TASK PROMPT: Nothing but the text should be carried over: reproduce all the data exactly and leave out every image.

Segment Start: SOURCE MATERIAL

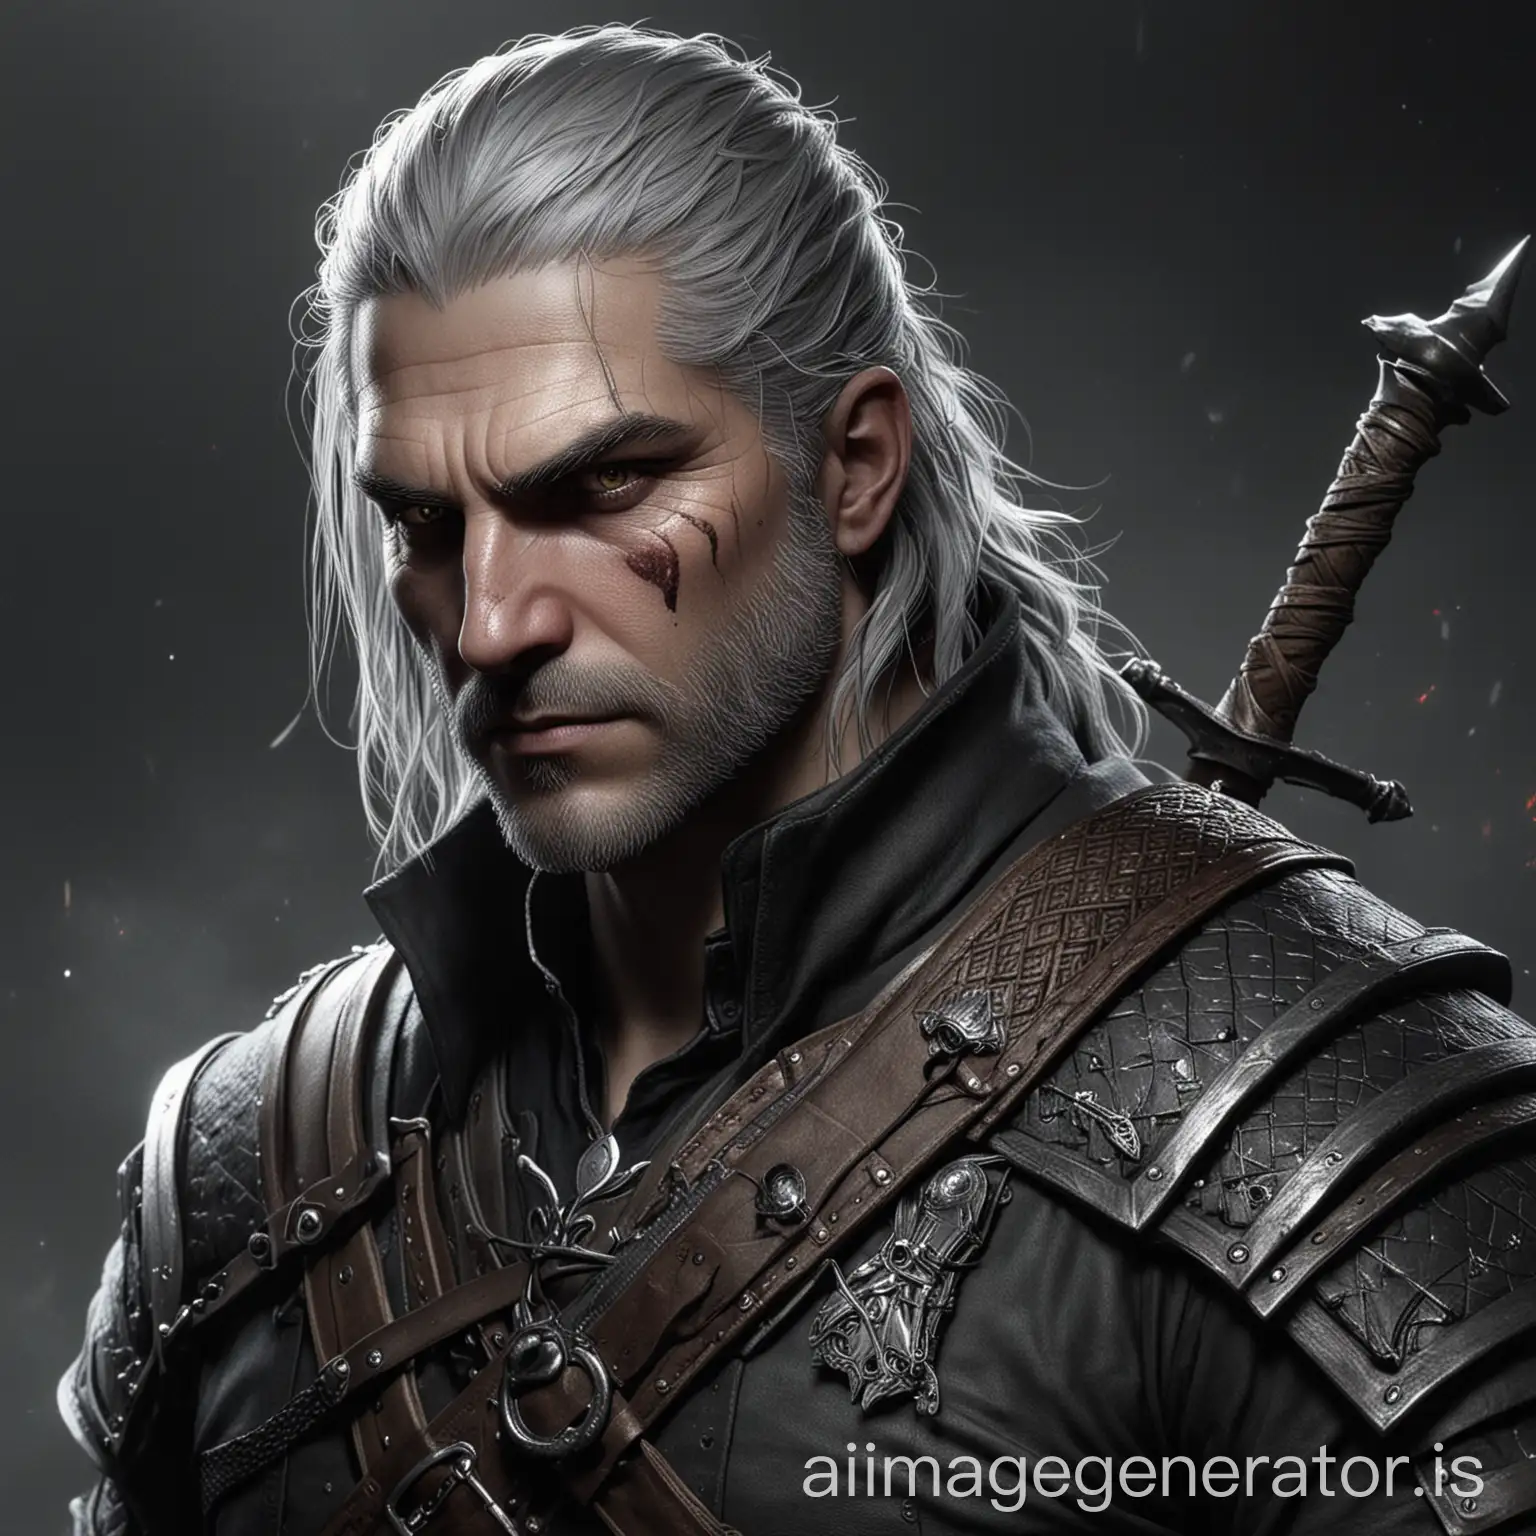 A mix of Geralt of Rivia and The Hunter from Bloodborne
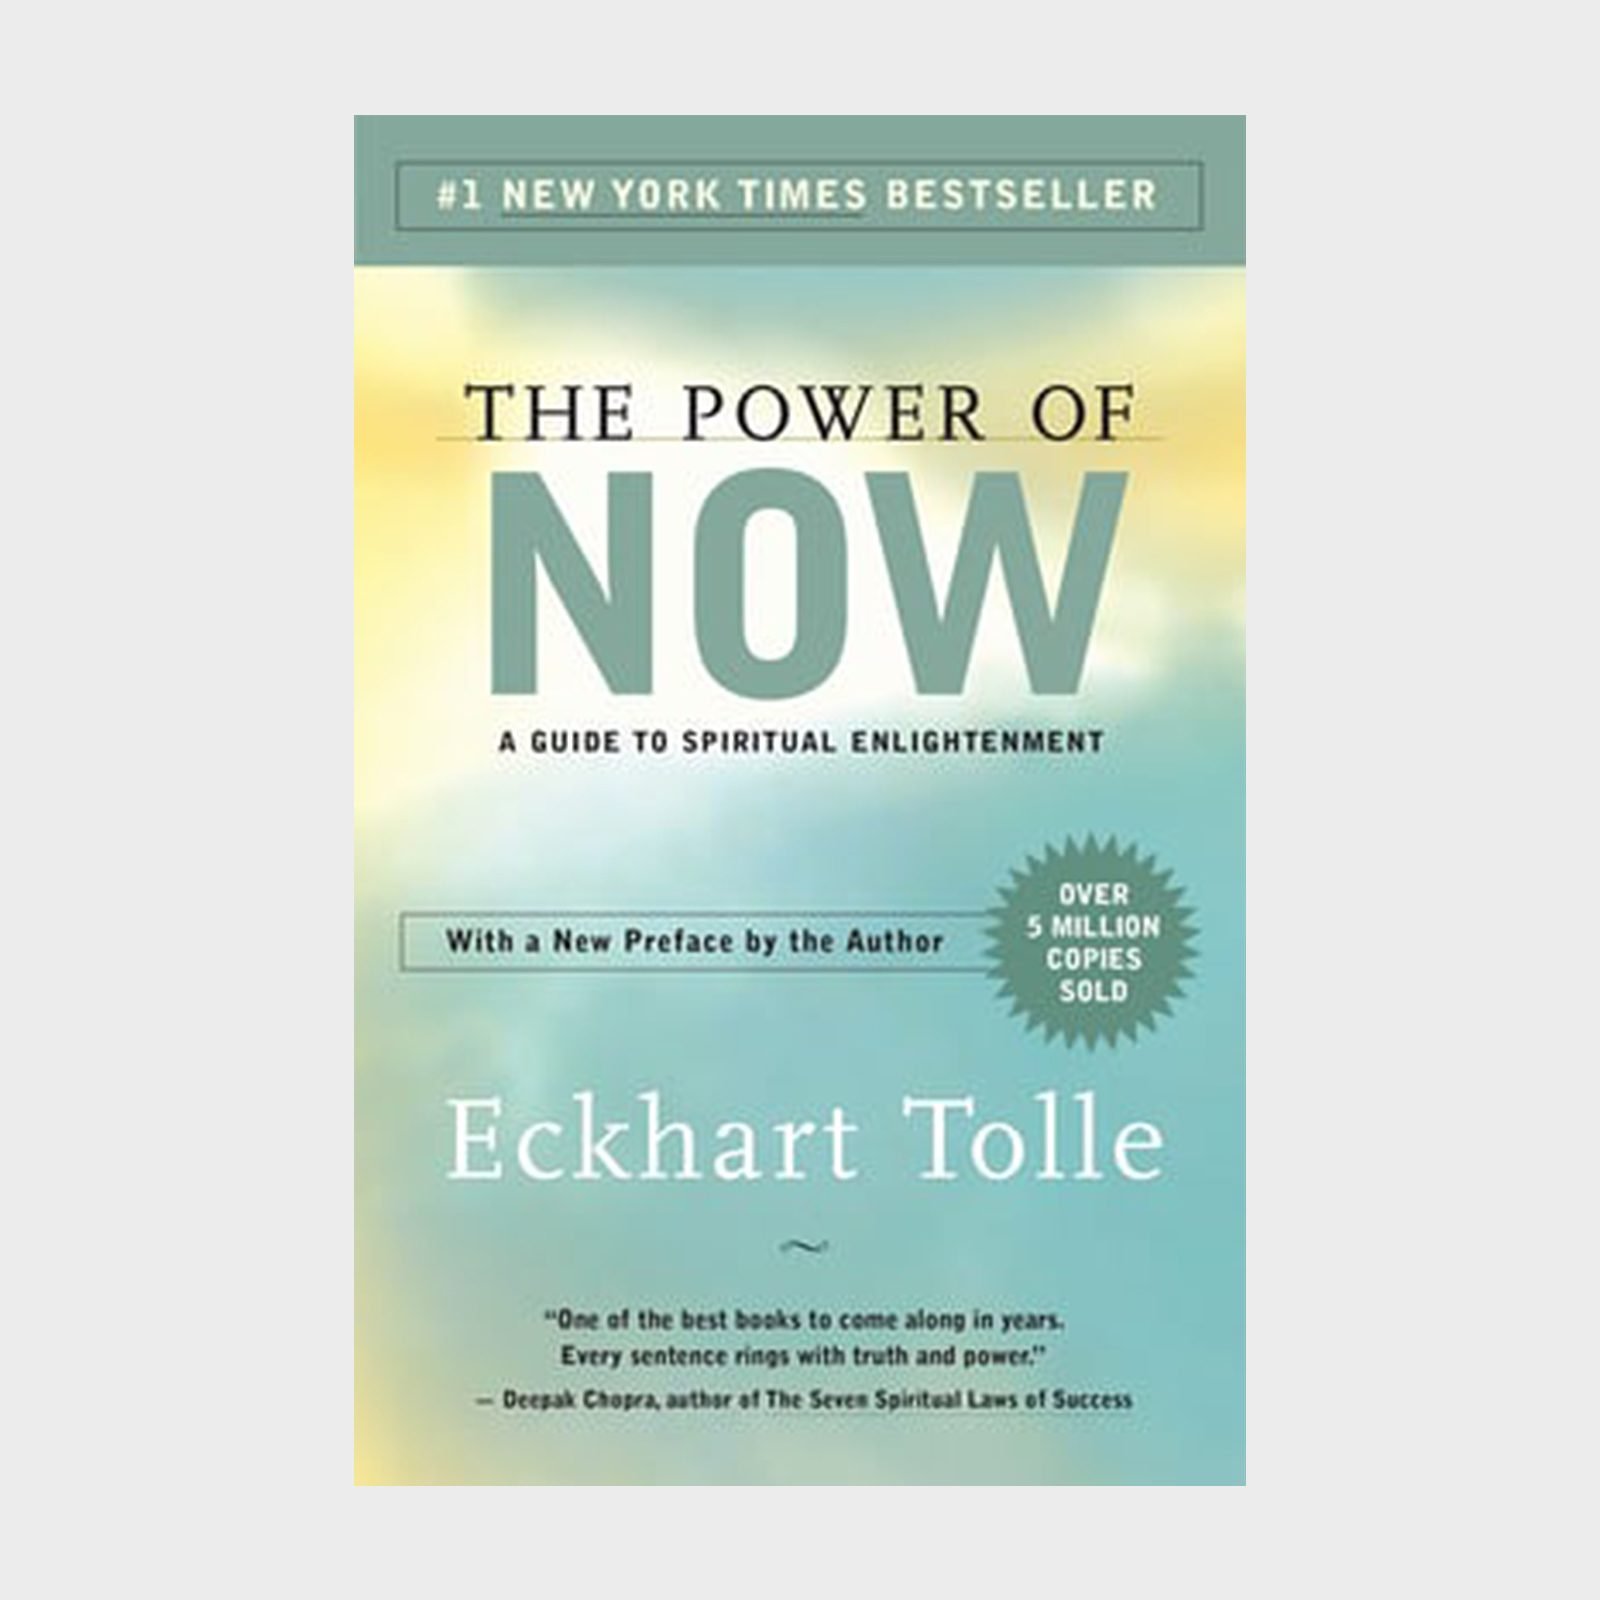 <p>Published in 1997, <em>The Power of Now</em> remains one of the most sought-after and paradigm-shifting personal-growth books. Eckhart Tolle is a spiritual teacher who emphasizes being present and letting go of ego. Oprah lists it as one of her "Super Soulful Reads," contributing to its staying power. For anyone who is interested in spirituality and open to learning from a range of spiritual practices, from Buddhism to Christianity, this book will be an enlivening addition to your bookshelf. Not sure what type of book you're in the mood for? These are the <a href="https://www.rd.com/list/book-for-your-zodiac-sign/">best books for you, based on your zodiac sign</a>.</p> <p class="listicle-page__cta-button-shop"><a class="shop-btn" href="https://bookshop.org/books/the-power-of-now-a-guide-to-spiritual-enlightenment/9781577314806">Shop Now</a></p>
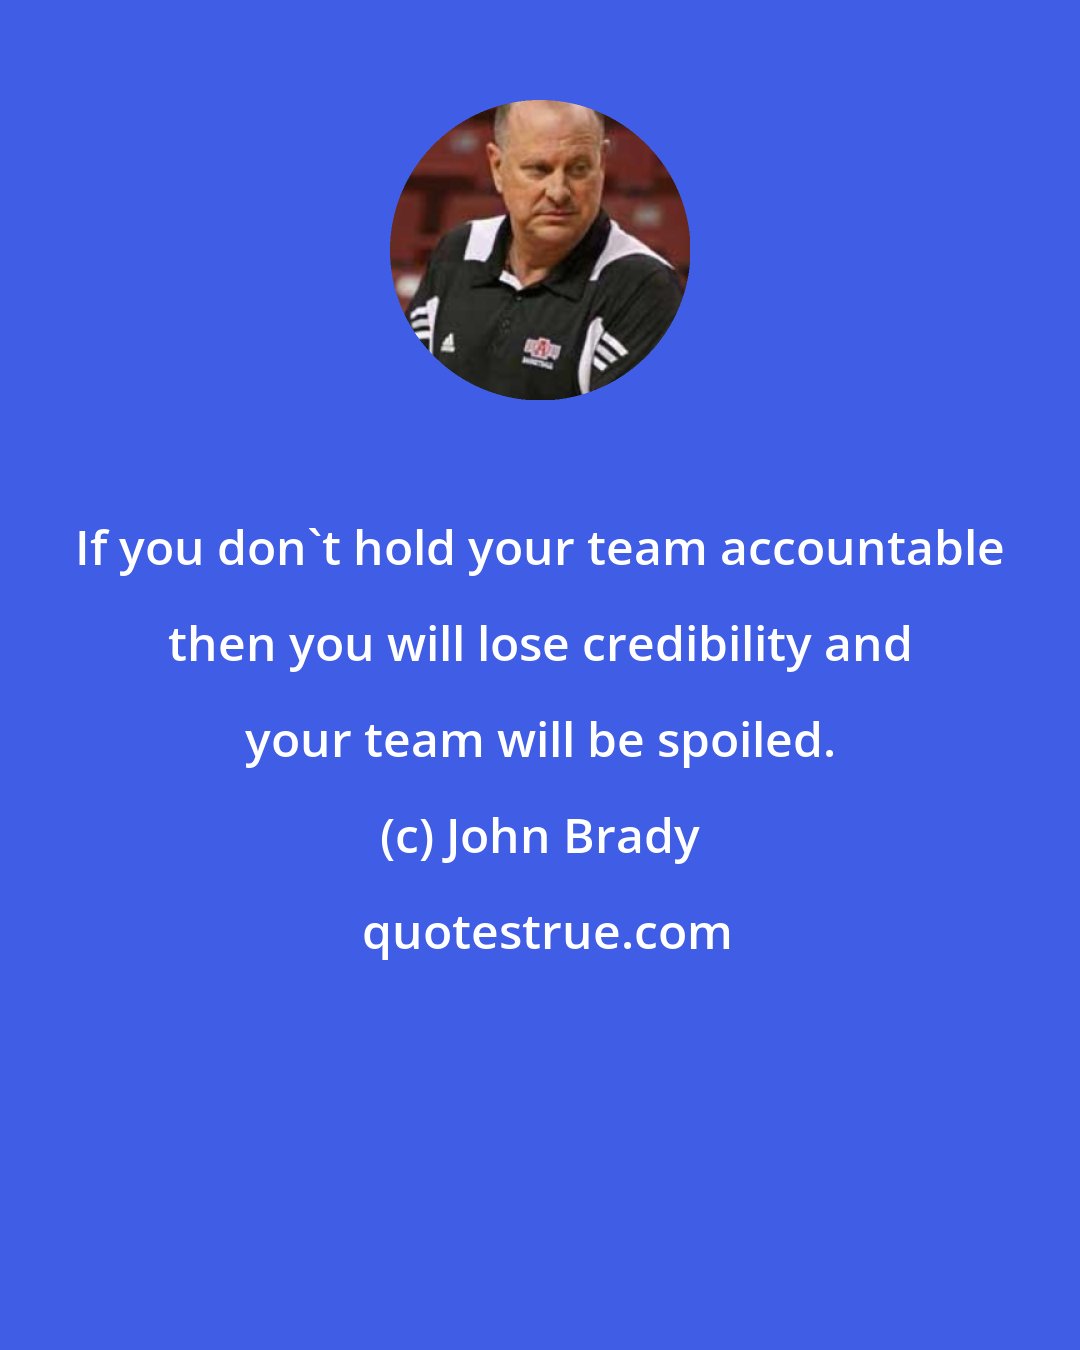 John Brady: If you don't hold your team accountable then you will lose credibility and your team will be spoiled.

Segment End: SOURCE MATERIAL

RESPONSE TO THE TASK:
 A mix of Geralt of Rivia and The Hunter from Bloodborne
 <p>Published in 1997, <em>The Power of Now</em> remains one of the most sought-after and paradigm-shifting personal-growth books. Eckhart Tolle is a spiritual teacher who emphasizes being present and letting go of ego. Oprah lists it as one of her "Super Soulful Reads," contributing to its staying power. For anyone who is interested in spirituality and open to learning from a range of spiritual practices, from Buddhism to Christianity, this book will be an enlivening addition to your bookshelf. Not sure what type of book you're in the mood for? These are the <a href="https://www.rd.com/list/book-for-your-zodiac-sign/">best books for you, based on your zodiac sign</a>.</p> <p class="listicle-page__cta-button-shop"><a class="shop-btn" href="https://bookshop.org/books/the-power-of-now-a-guide-to-spiritual-enlightenment/9781577314806">Shop Now</a></p>
 John Brady: If you don't hold your team accountable then you will lose credibility and your team will be spoiled.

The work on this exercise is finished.